Brief: From the line that contains "Newspaper wall street - Stock Image" down to the last line of the entries, repeat every line exactly. Do not carry over the pictures.

==*==

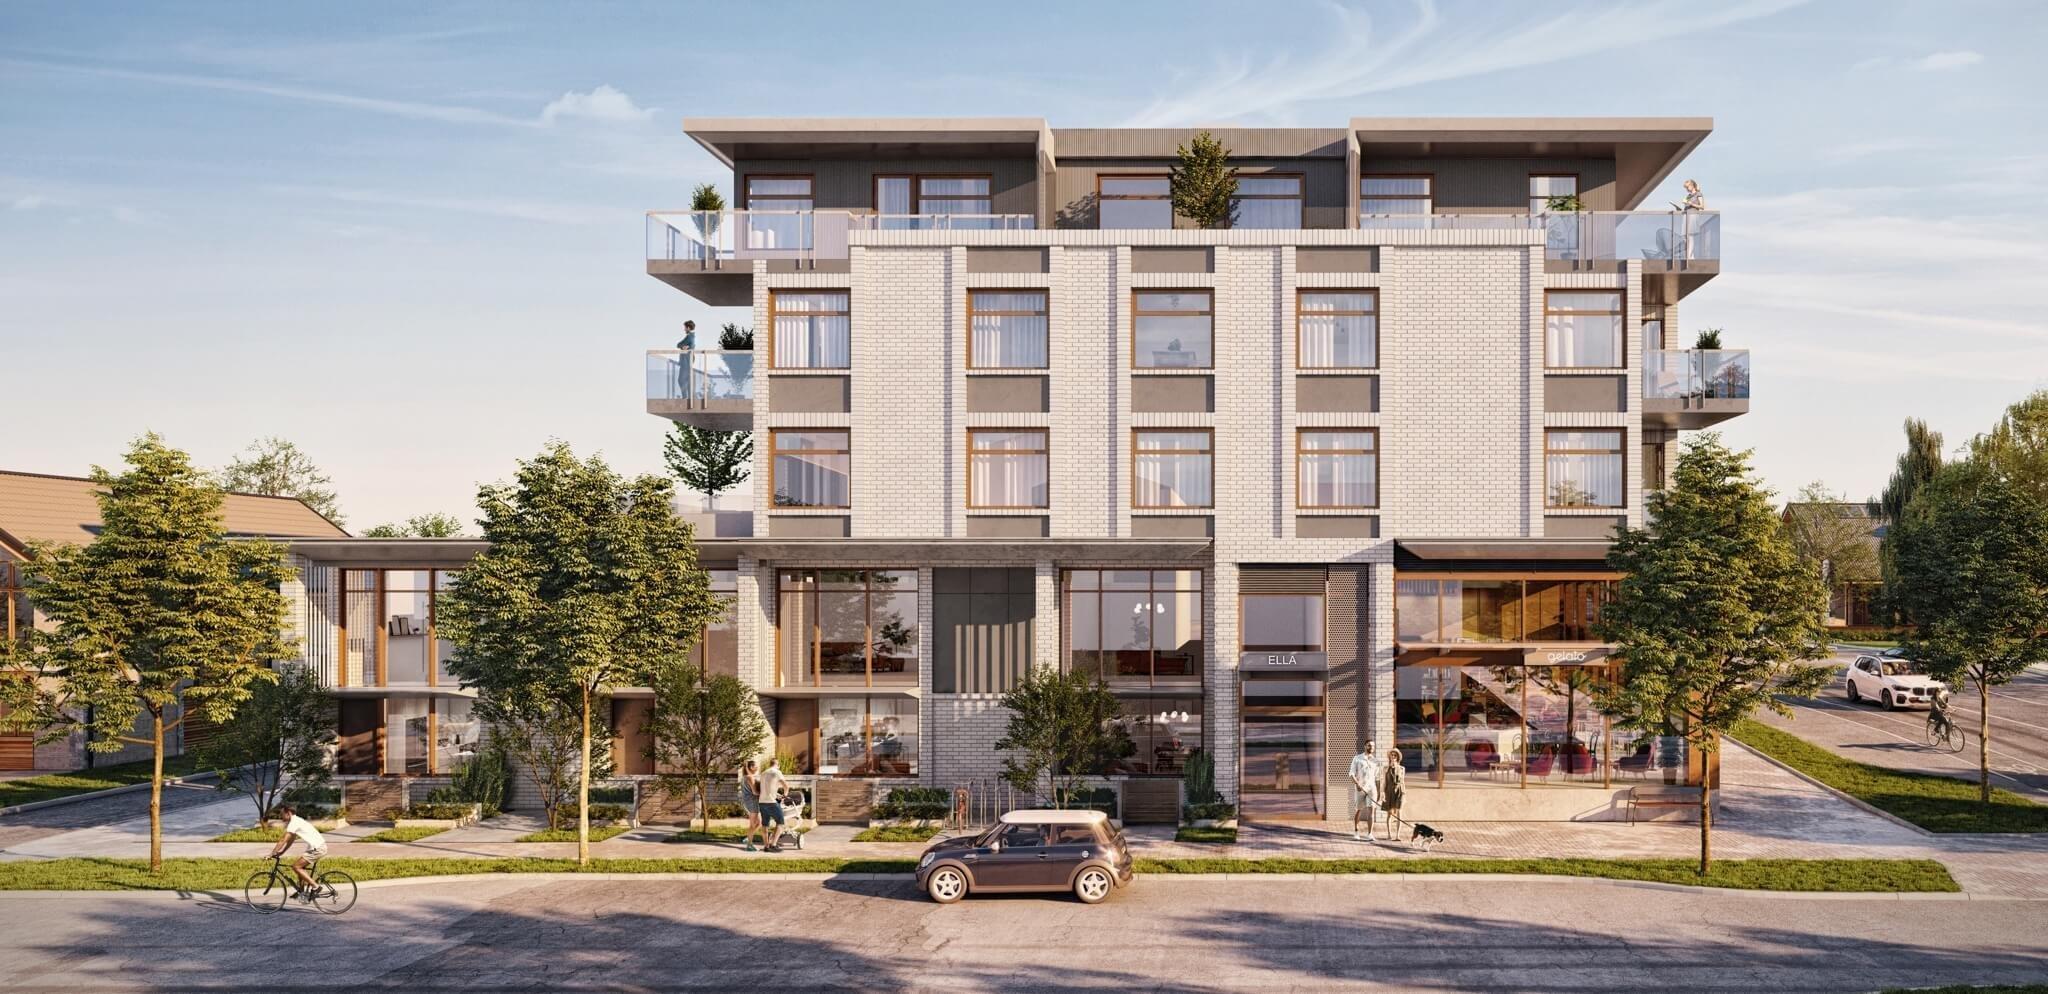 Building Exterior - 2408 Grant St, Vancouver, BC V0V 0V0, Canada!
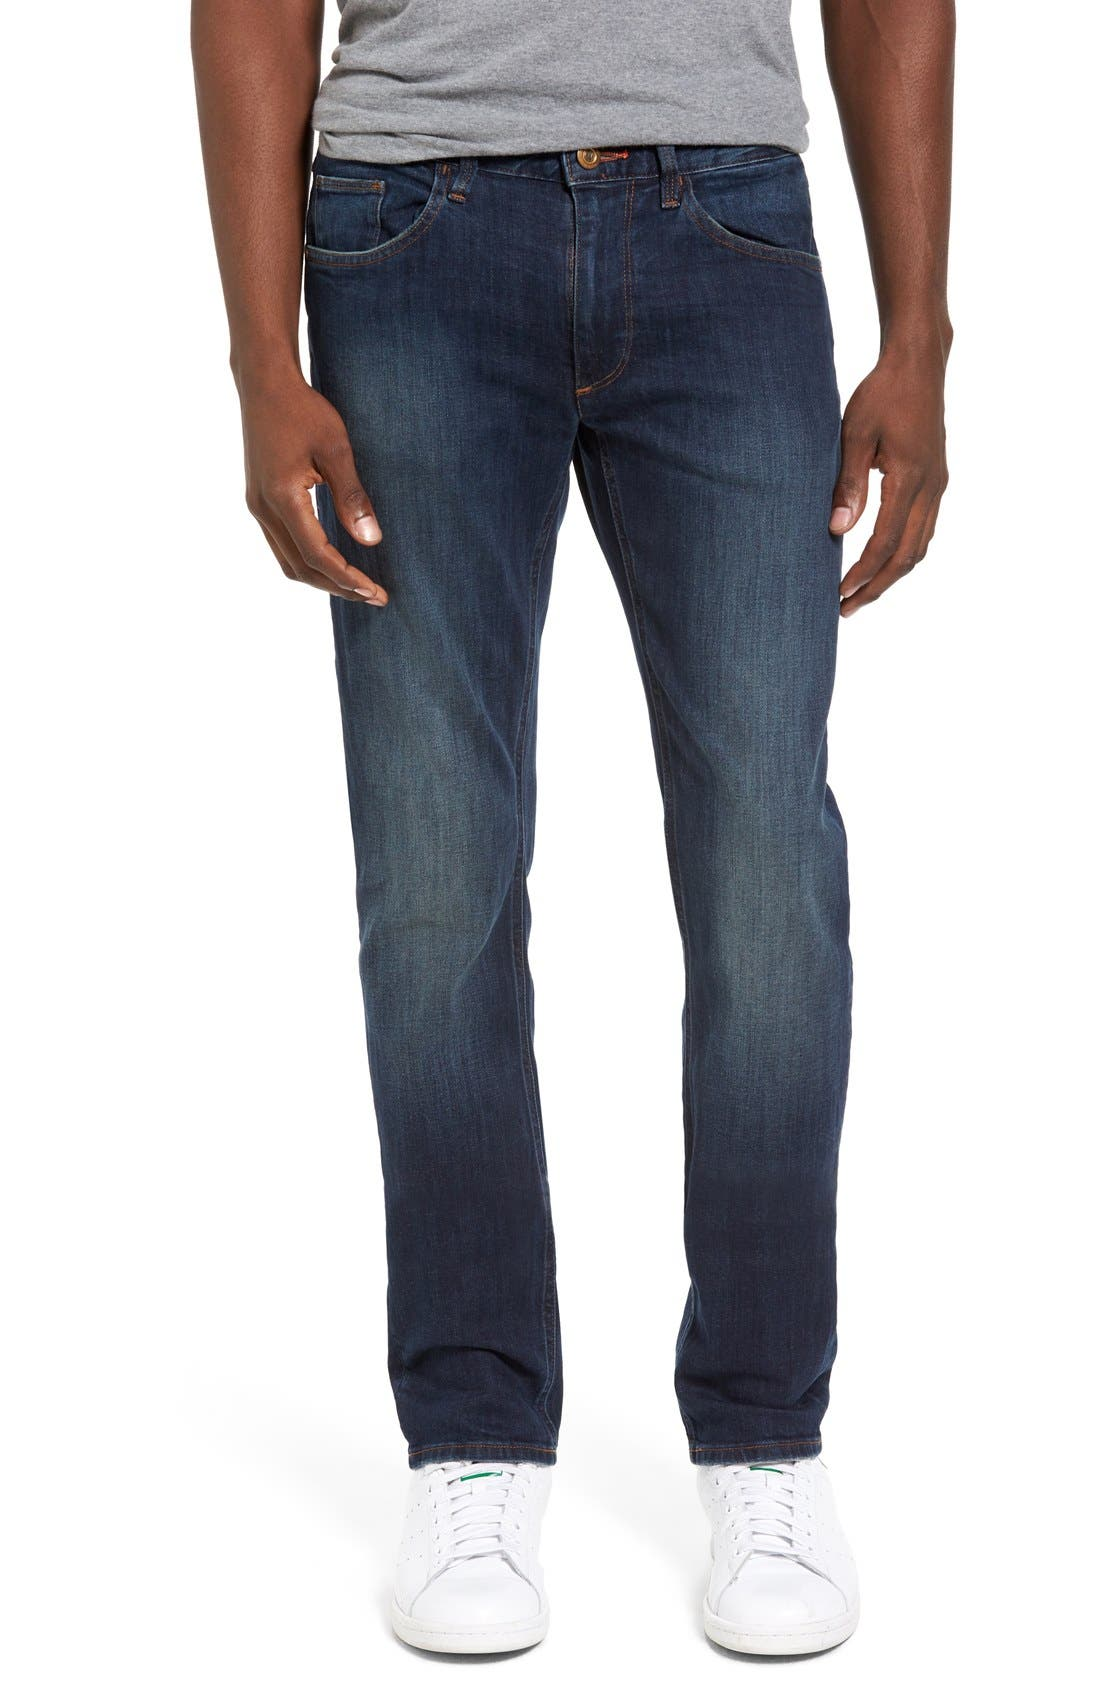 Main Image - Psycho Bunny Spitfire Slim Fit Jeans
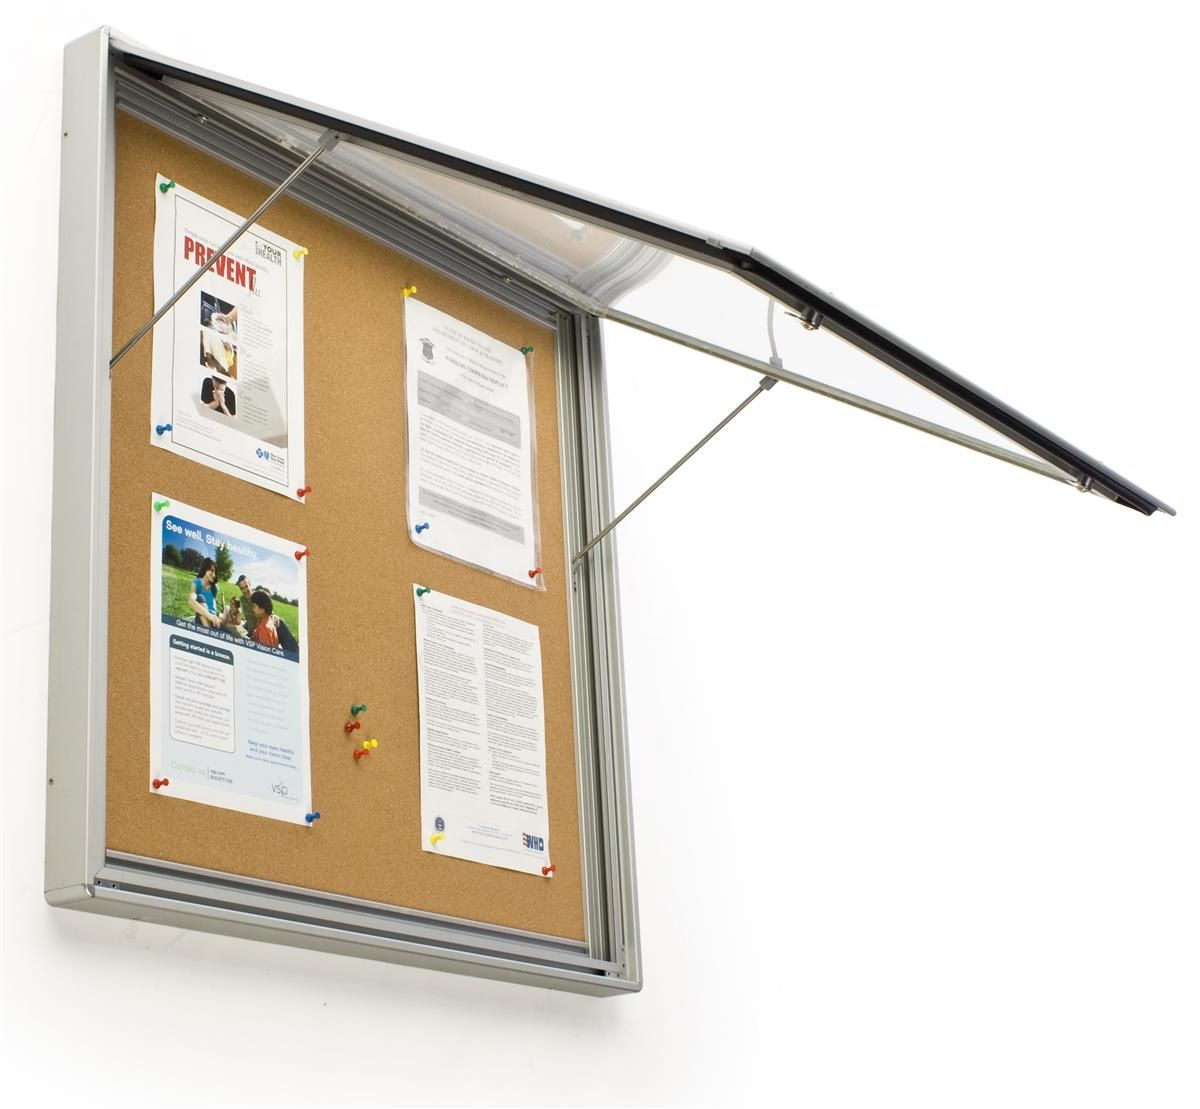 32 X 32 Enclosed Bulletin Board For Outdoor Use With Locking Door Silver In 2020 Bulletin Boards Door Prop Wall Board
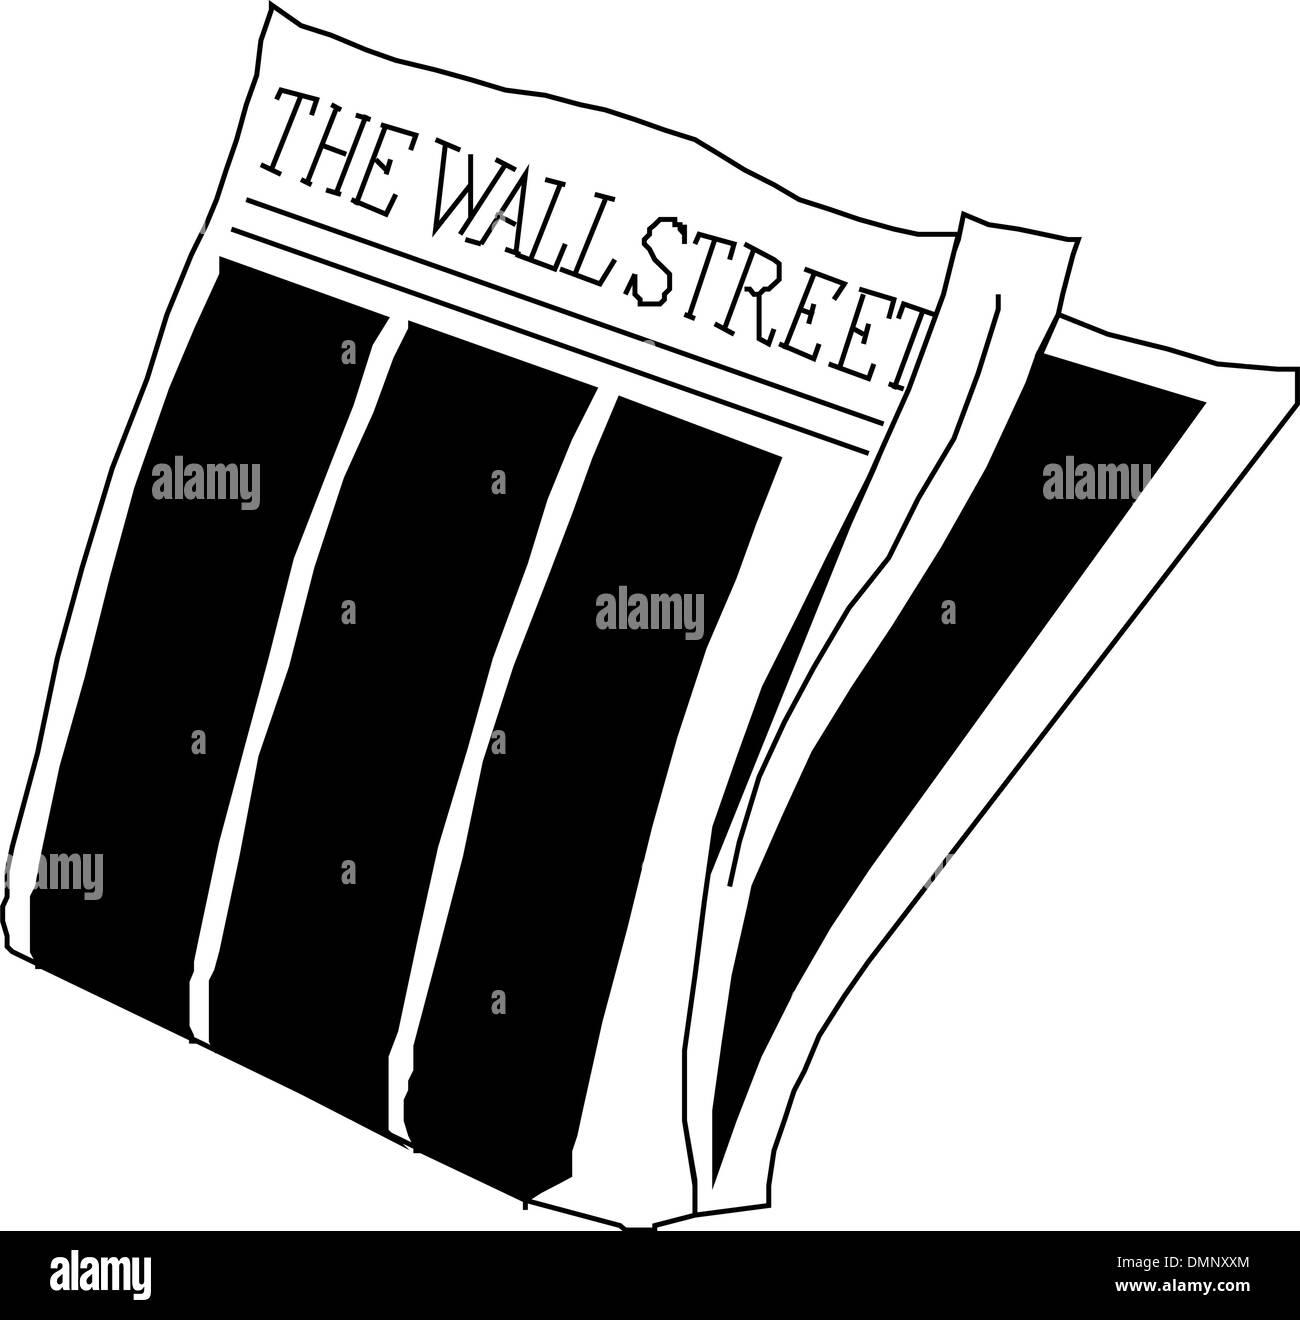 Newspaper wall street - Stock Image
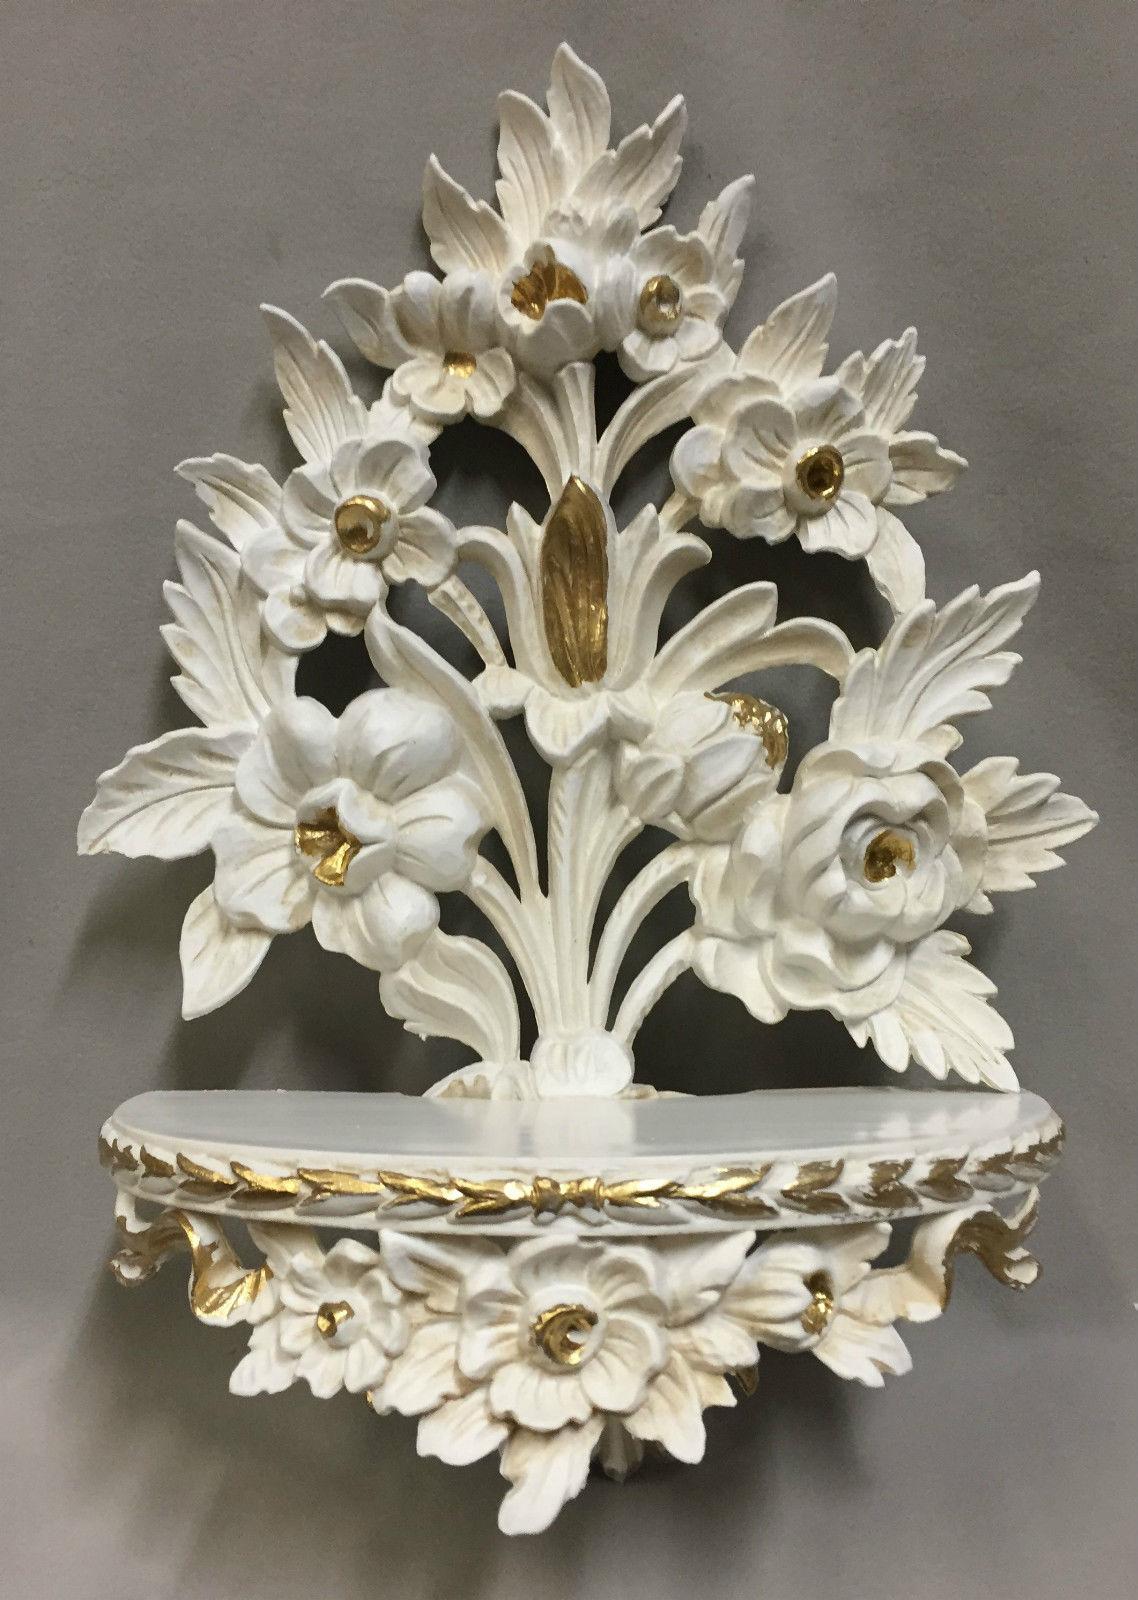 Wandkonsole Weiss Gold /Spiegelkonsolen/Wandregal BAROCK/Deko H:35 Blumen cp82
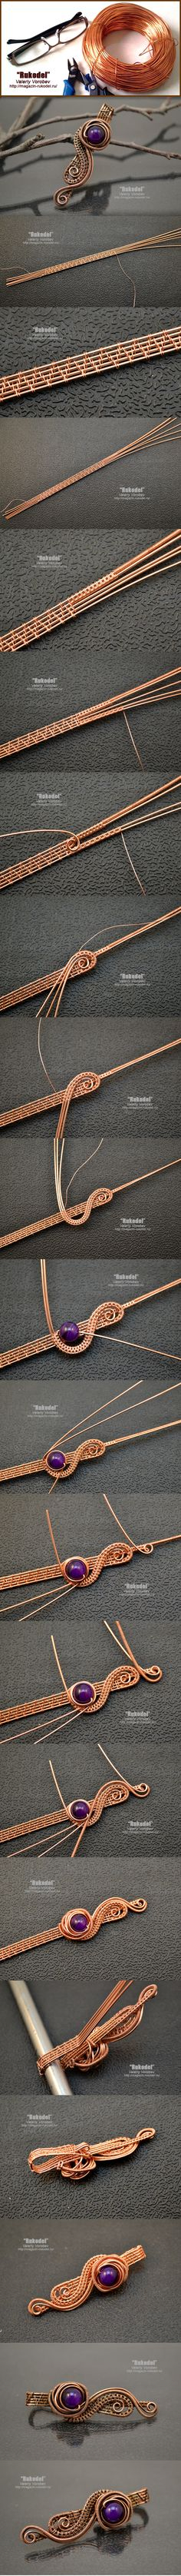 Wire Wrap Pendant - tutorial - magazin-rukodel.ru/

==*==

Task solution:
 Newspaper wall street - Stock Image
 Wandkonsole Weiss Gold /Spiegelkonsolen/Wandregal BAROCK/Deko H:35 Blumen cp82
 Wire Wrap Pendant - tutorial - magazin-rukodel.ru/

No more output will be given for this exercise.